Аслан сам не понял, как это получилось. День оказался какой-то чумной. Сначала Улита – это было как удар под дых, как удар в челюсть на противоходе во время ногомяча по-сочински. Голова шальная, перед глазами искры летают, ничего не соображаешь. Он только к середине дня очнулся, как-то сумел отстроиться от этого безумия, словно ему на плечи плащ накинули – холодный, шелковый, тяжелый.
Какой плащ? Откуда он этот плащ выдумал? Откуда это чувство холодного, тягучего воздуха под руками?
Его слегка лихорадило, он старался не смотреть на Улиту, в том месте, где она сидела, кружился какой-то невидимый, но сильный водоворот, он ласково, но непреодолимо затягивал каждого, кто подходил близко, и главное, из него не хотелось убегать, хотелось кружиться вокруг нее в хороводе.
«Перегрелся? Отравился? Тогда почему остальные так себя ведут? Обворожила она всех, что ли? Кто, Улита?!»
К концу дня голова прояснилась и работала удивительно четко. Аслан легко разобрался с бесконечными возрастаниями, с которыми мучился последний месяц, чем немало удивил их счетоведа.
– Аслан, у тебя прямо прорыв, – сказал Сергей Матвеевич, сверившись с ответами. Счетовед был человек доисторический, как он сам любил себя называть, и предпочитал преподавать по правилам еще советского образования – а это значило, никаких испытаний с ответами и море разливанное примеров, которые надо было решать, причем желательно на скорость.
– Вообще ни одной ошибки.
– Как-то вдруг пошло, – сказал Аслан.
И верно. Он разошелся так, что быстро пролистал весь счетный раздел за год. Наметил в светоплате для себя узкие места, которые стоило бы повторить. До выпускных испытаний оставалось всего полгода, но больше они не пугали.
Ему больше нечего бояться.
Голова была ясная, но в груди что-то тлело, словно от синего огня Улиты в него попал уголек и ворочается, не может никак утихнуть.
Аслан встал на остановке, вызвал по умнику извозчика – заказ перехватило сразу четыре артели, он выбрал «Перуна». Машины у них были старые, «Датсуны» и «Гранты», но приезжали они быстрее всех.
– Сначала в ближайший цветочный, потом на Воздухоплавателей, семьдесят.
Когда машина отъехала, он перехватил букет, подбежал к подъезду.

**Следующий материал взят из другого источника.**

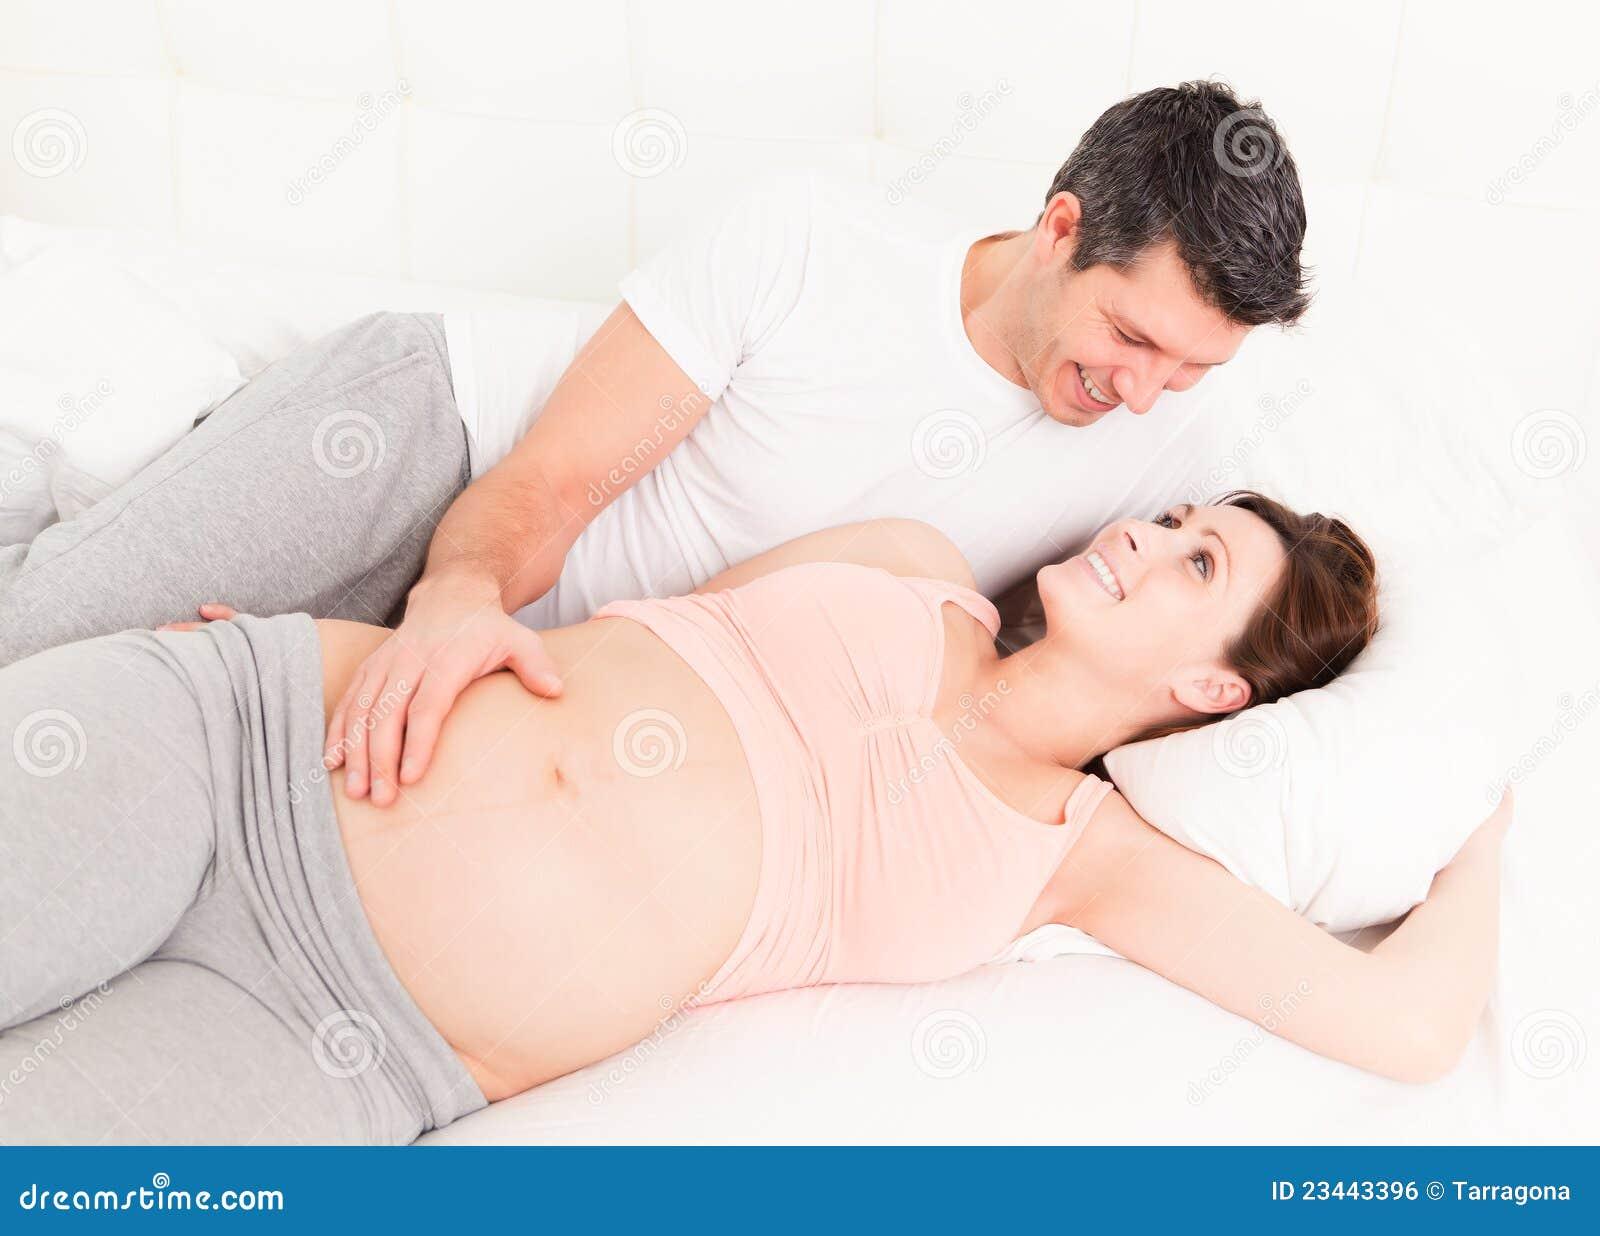 Когда секс во время беременности противопоказан

Старый кнопочный замок, который не меняли лет двадцать, еще работал, но Аслан помнил код. Пальцы пробежали по кнопкам, дверь пискнула, открылась.

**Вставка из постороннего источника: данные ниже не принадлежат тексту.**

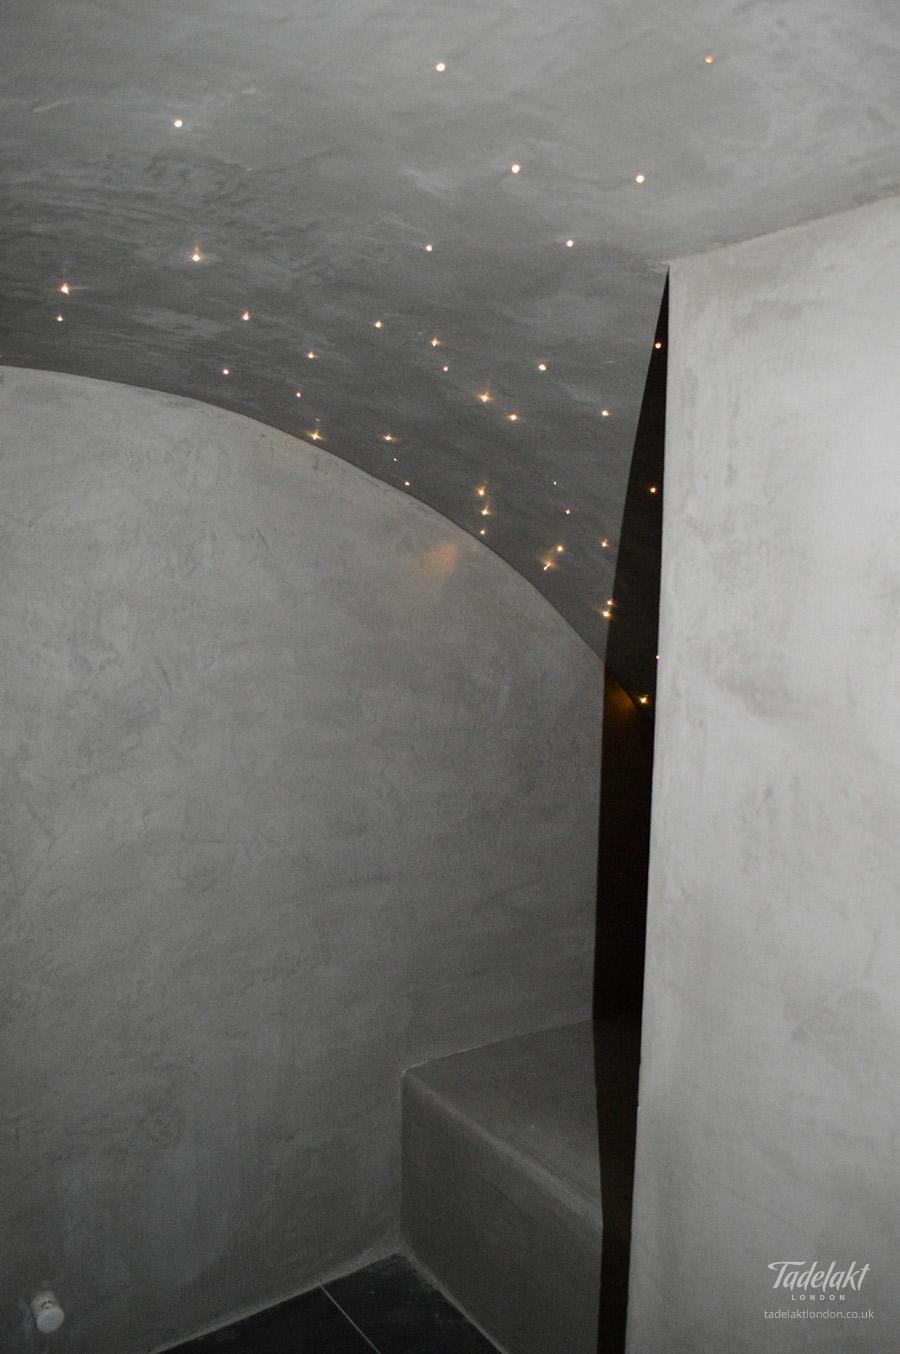 Tadelakt_Under_the_Stars_01

Навстречу из душной темноты подъезда вывалилась бабка, застегнутая на все пуговицы, в глухом зеленом пальто, она пробежала по его лицу цепким взглядом, яростно взмахнула палкой.
– И чего тебе, чего тебе здесь надо, черный? Проваливай, проваливай, черт окаянный, чур меня!
Аслан опешил.
– Бабушка, вы себя хорошо чувствуете?
– Да уж получше тебя, – фыркнула бабка. Она обогнула Аслана по широкой дуге. – Шел бы ты отсюда, жених. Экую дрянь за собой тащишь…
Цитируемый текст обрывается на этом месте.